§ **STORED DATA**:
========================================================================

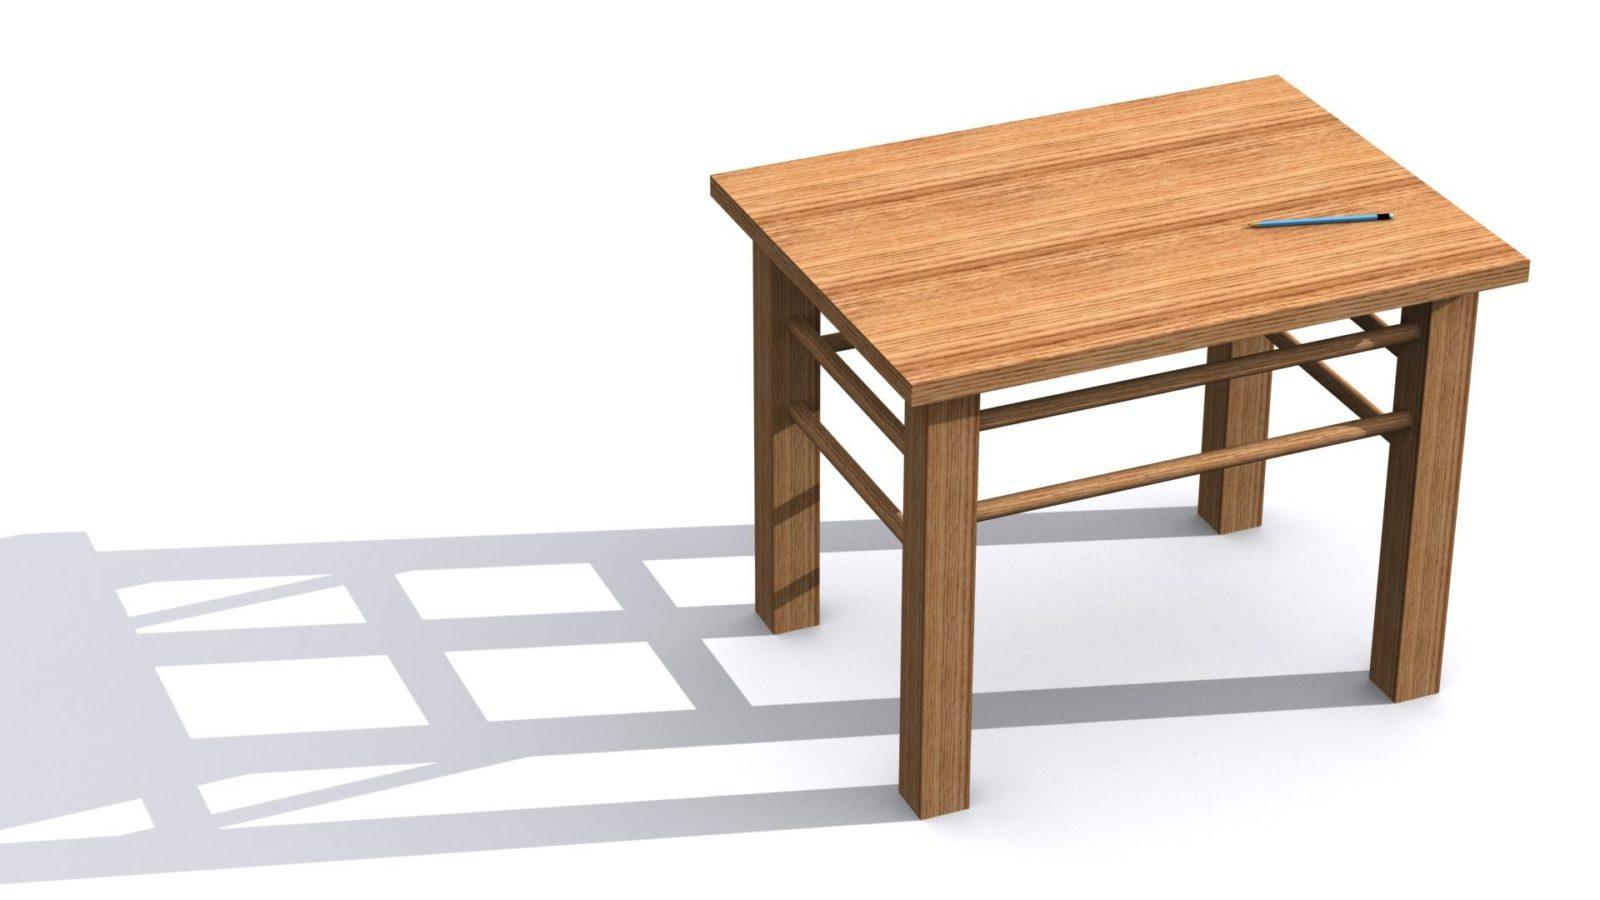 Der selbst gebaute Tisch aus Holz
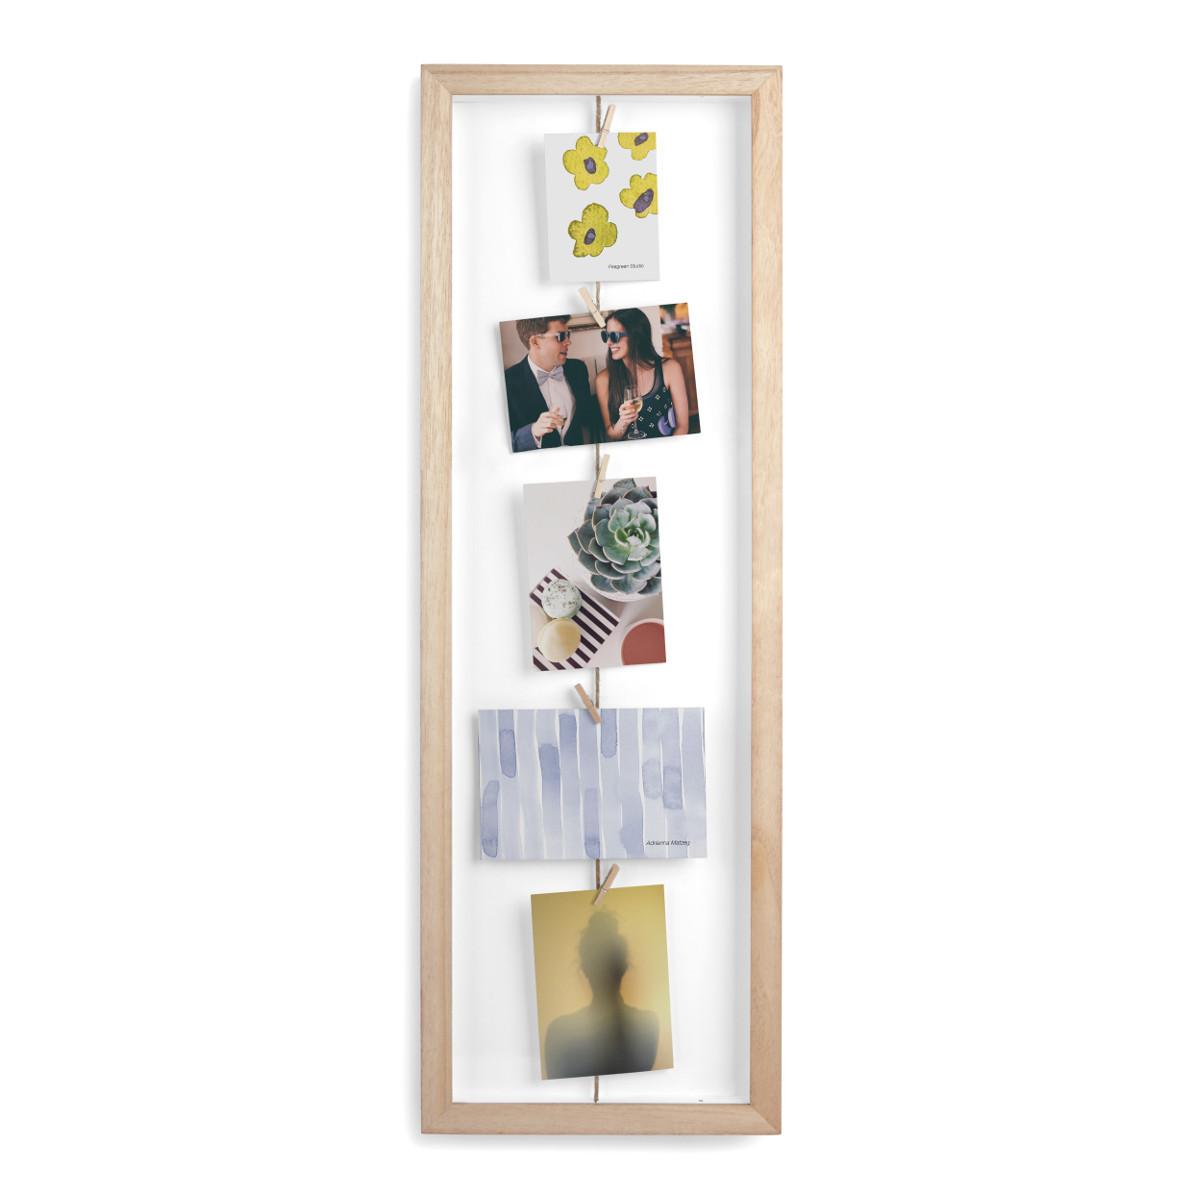 Wäscheleinen-Rahmen für Fotos & Co.
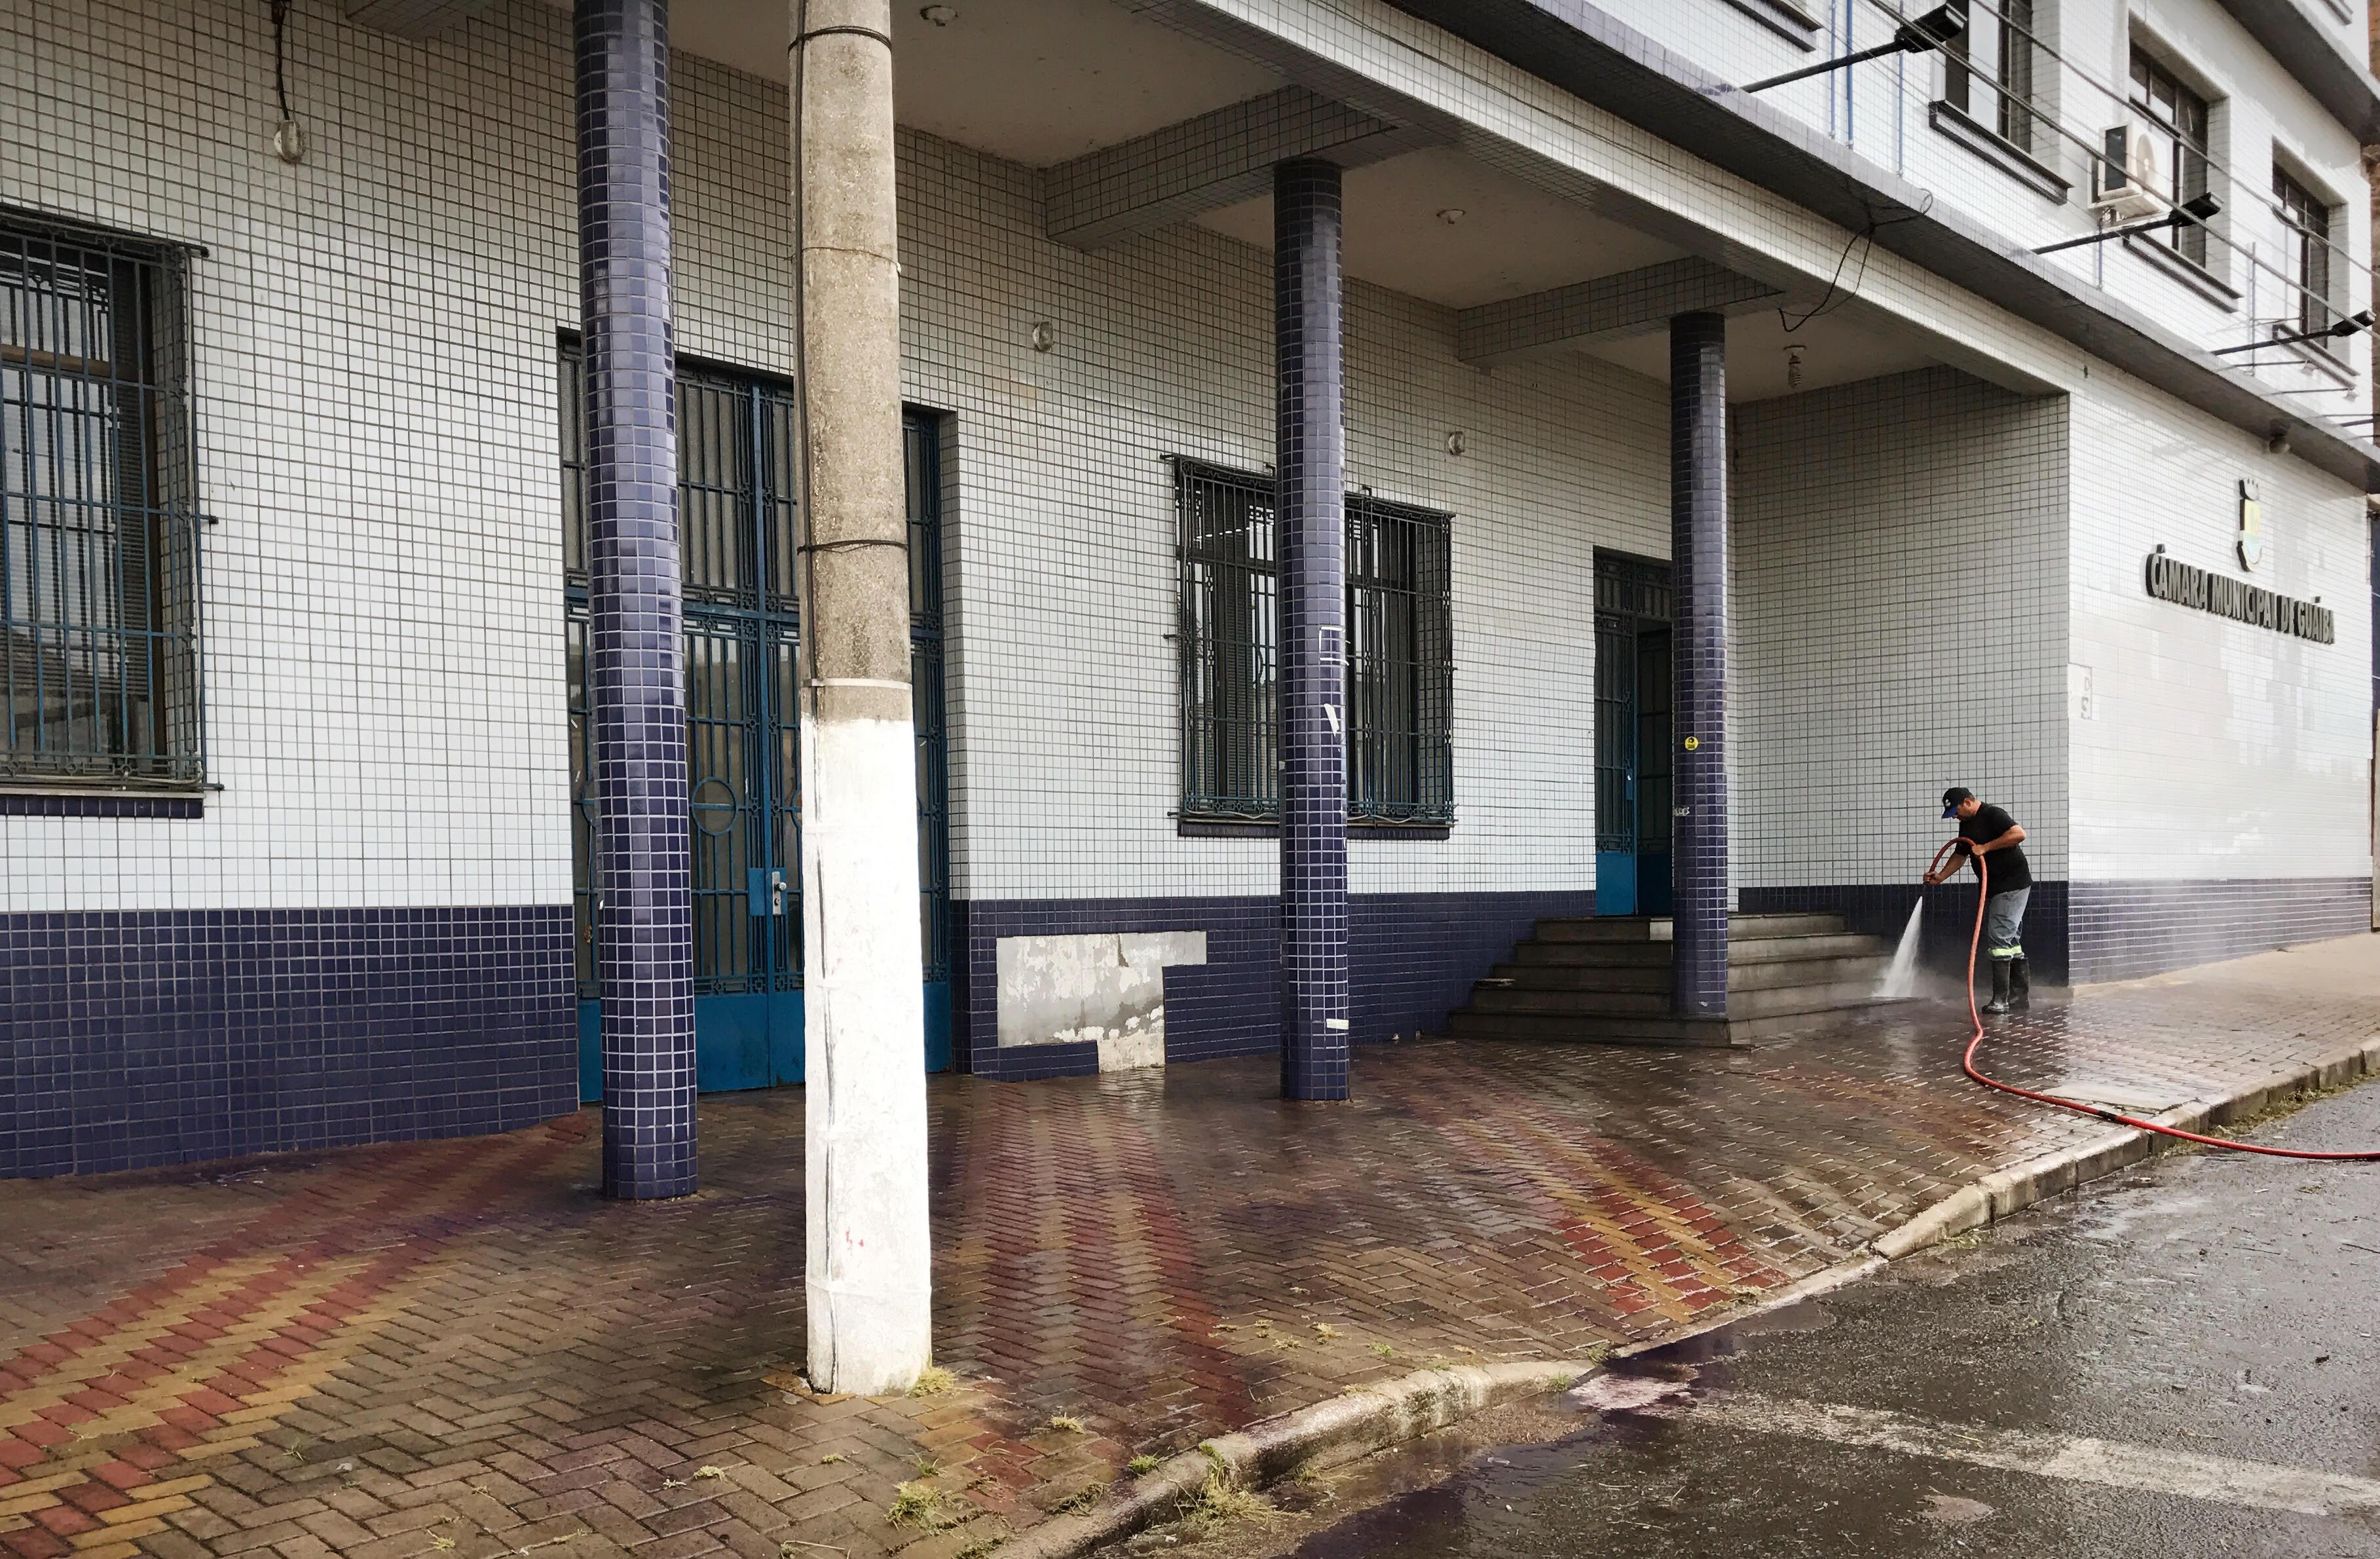 Iniciam os preparativos para instalação das grades de proteção na entrada da Câmara de Vereadores
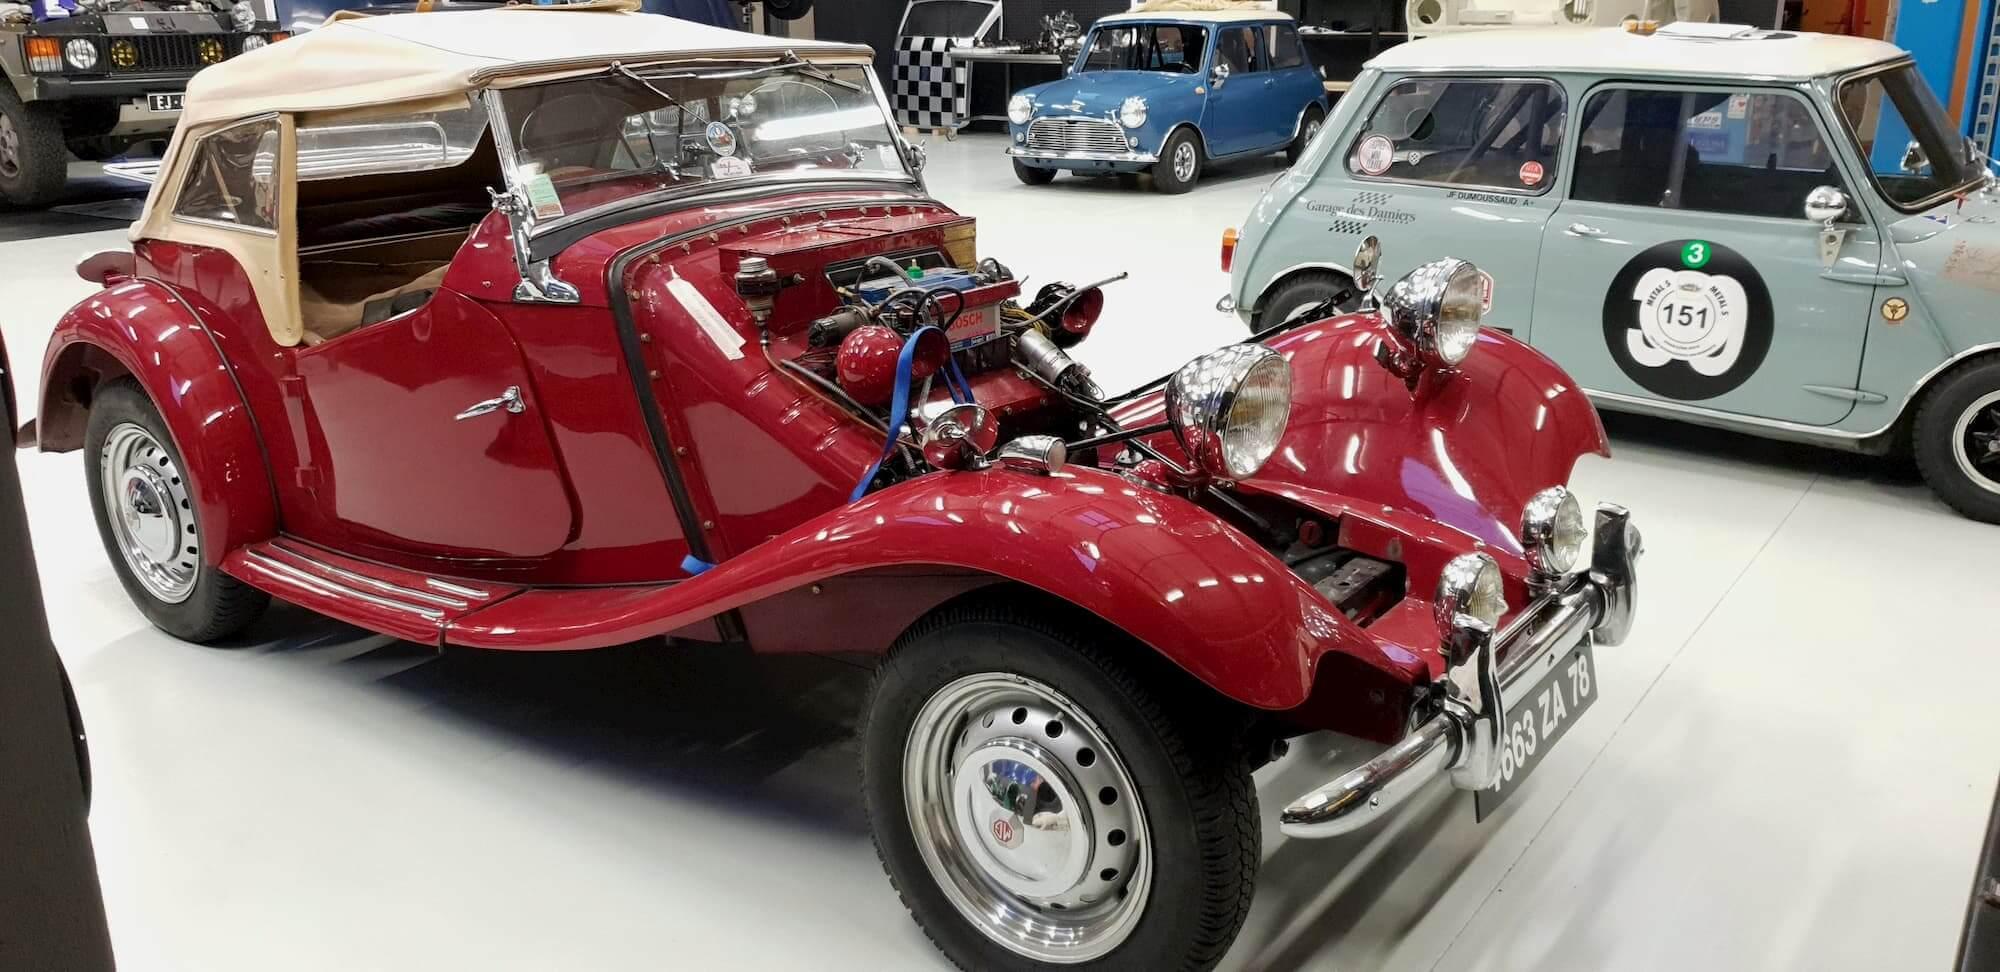 Réfection moteur de la MG au Garage des Damiers - voiture ancienne anglaise

========================================================================

§ **INSTRUCTIONS TO FOLLOW**:
Please give the data again in full, exactly as written, but without any images.

§ **OUTPUT BELOW**:
 Der selbst gebaute Tisch aus Holz
 Wäscheleinen-Rahmen für Fotos & Co.
 Iniciam os preparativos para instalação das grades de proteção na entrada da Câmara de Vereadores
 Réfection moteur de la MG au Garage des Damiers - voiture ancienne anglaise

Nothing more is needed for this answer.